Non-Letter Grade Options: You have the option of taking this course for a non-letter grade. The policy for P in a P/F option is a letter grade of C- or better; for S in an S/U option is a letter grade of B- or better.

Classroom Rules

  • No late days for submitting the PAs. No extensions on the final exam time window. Plan all your work well up front accordingly.
  • Students are encouraged to ask questions and participate in discussions in class and on Piazza. Please raise your hand before speaking and the instructor will call on you to speak.

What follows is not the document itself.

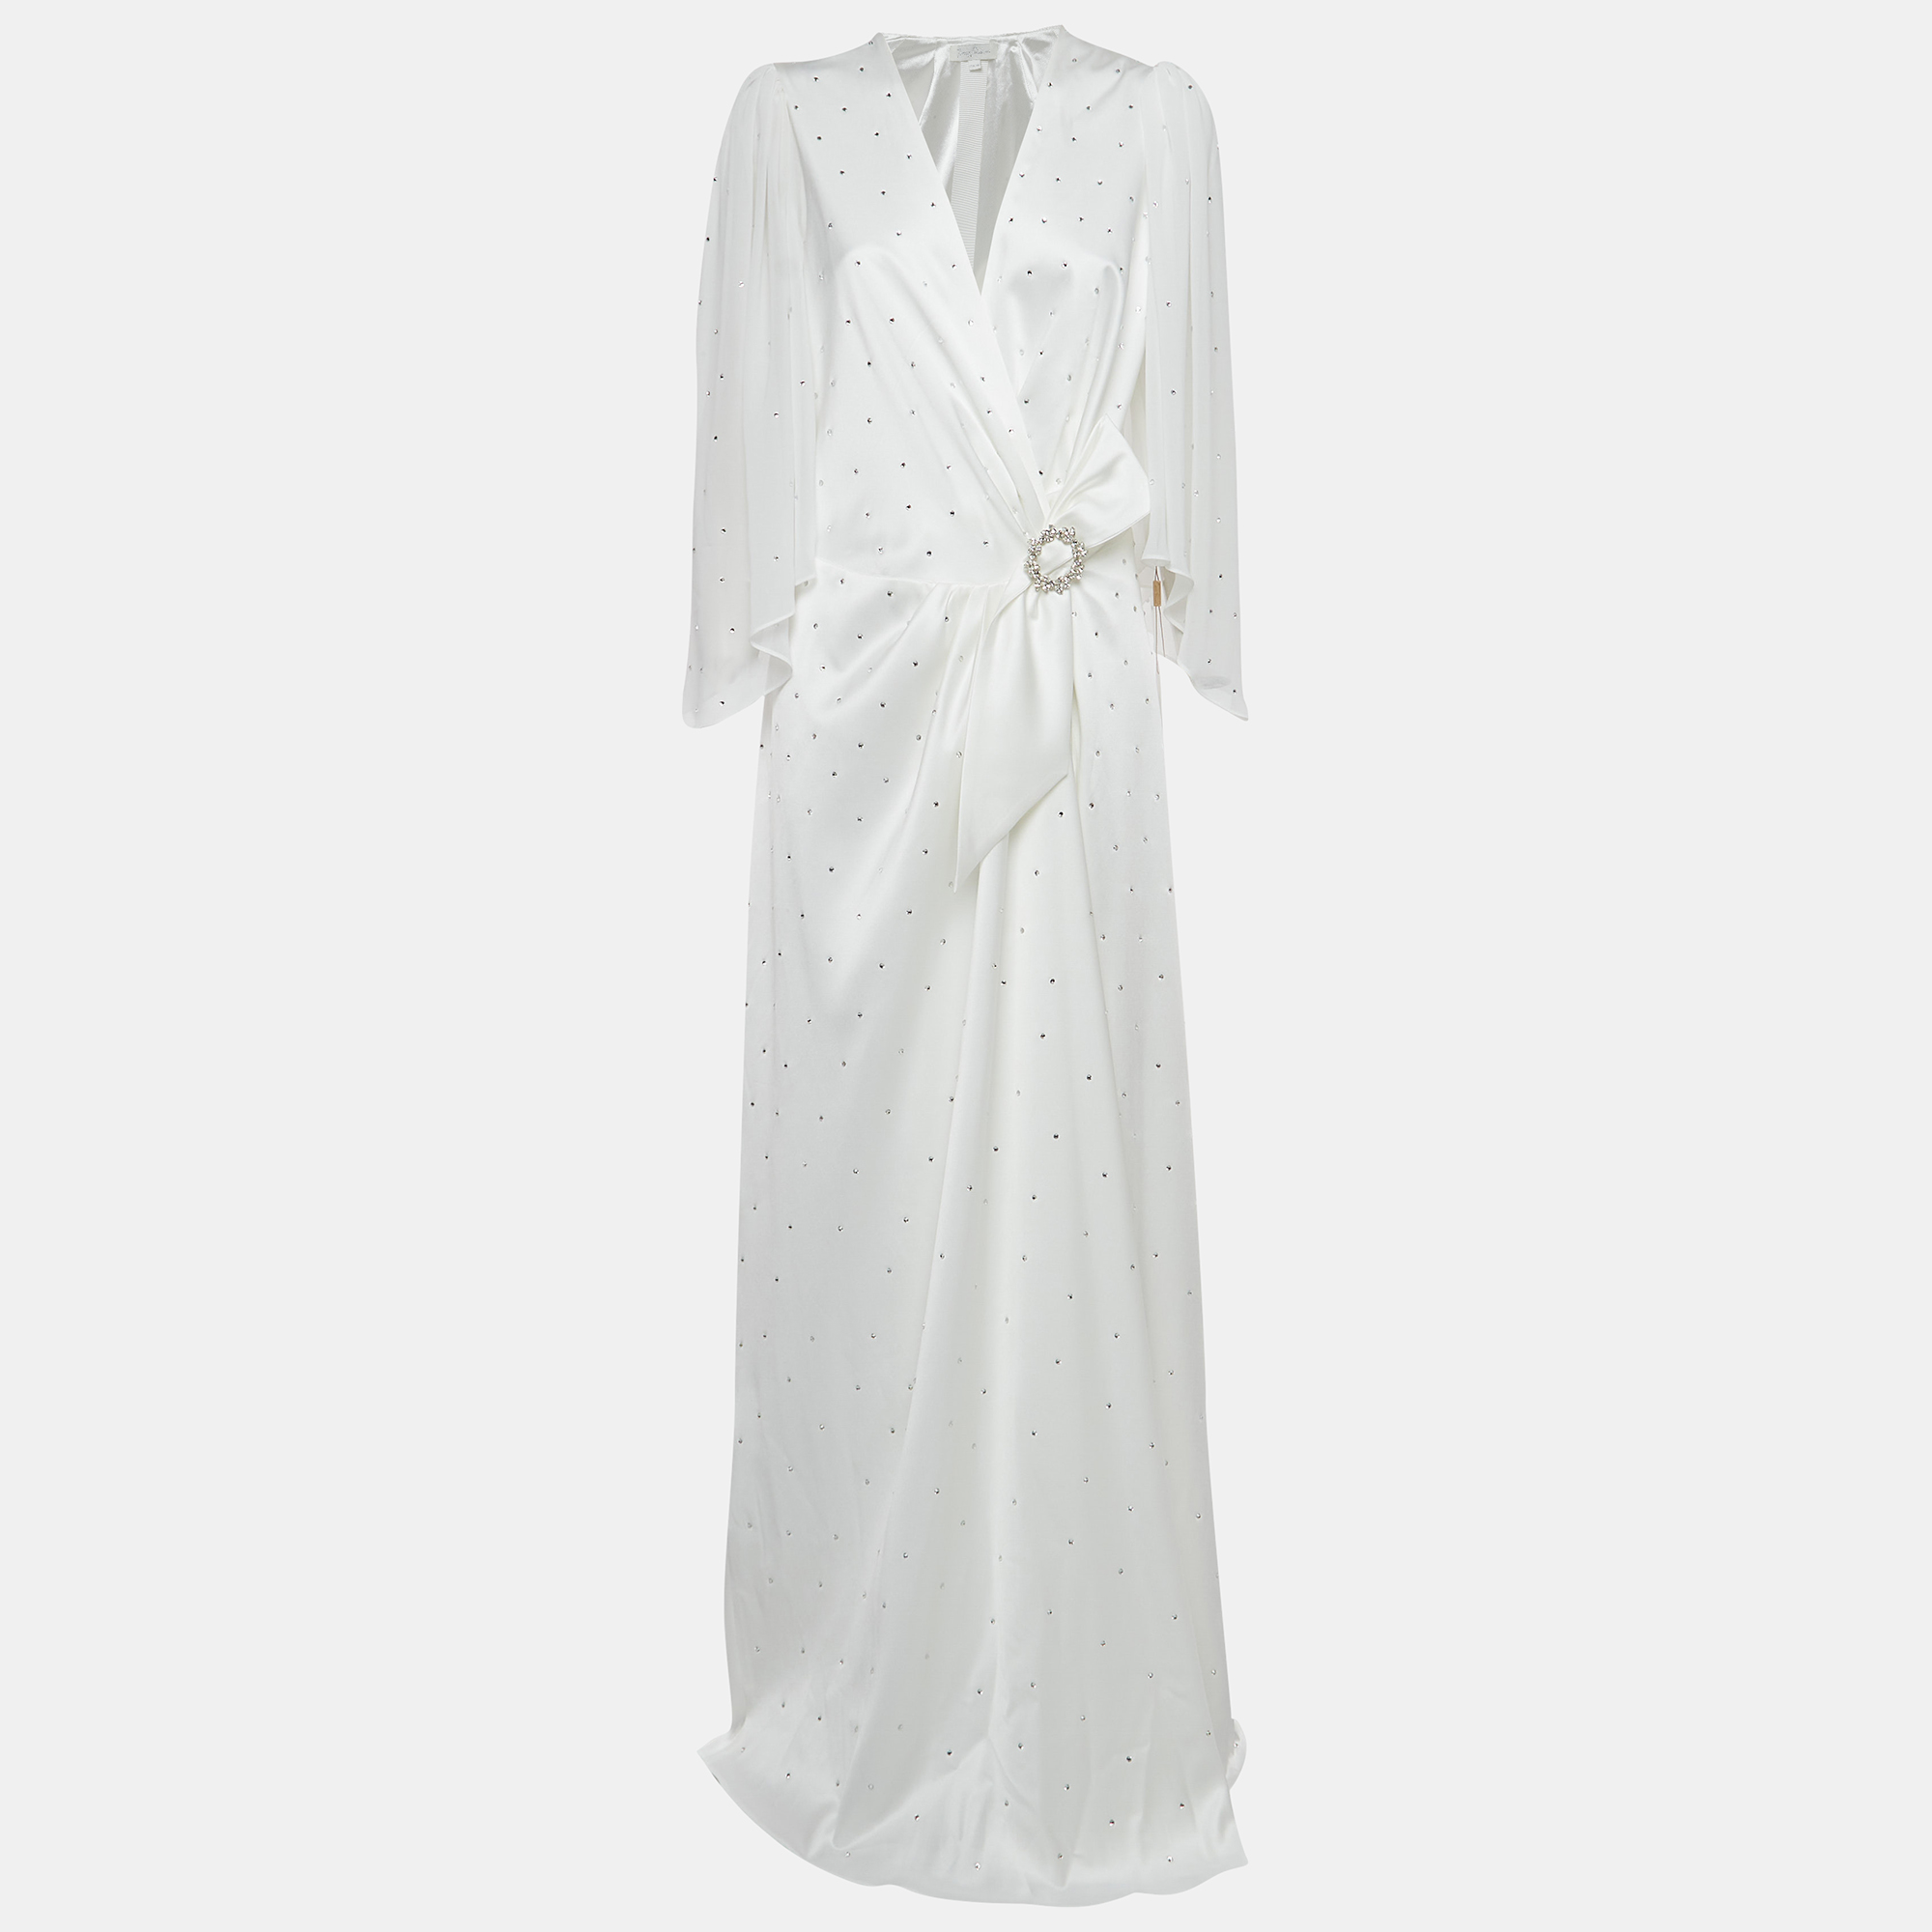 

Jenny Packham Ivory White Satin Crystal Embellished Bridal Gown

  • Please review UCSD’s honor code and policies and procedures on academic integrity here. If plagiarism is detected in your code, or if we detect collusion on the graded quizzes or exams, or if you are found to be using someone else’s clickers, or if any other form of academic integrity violation is identified, you will get zero for that component of your score and get downgraded substantially. I will also notify the University authorities for appropriate disciplinary action to be taken, up to and including expulsion from the University.
  • Please review UCSD’s principles of community and our commitment to creating an inclusive learning environment on this website.
  • Harassment, discrimination, or intimidation of any form against any student will not be tolerated in class or on Piazza. Please review UCSD’s policies on dealing with harassment and discrimination on this website.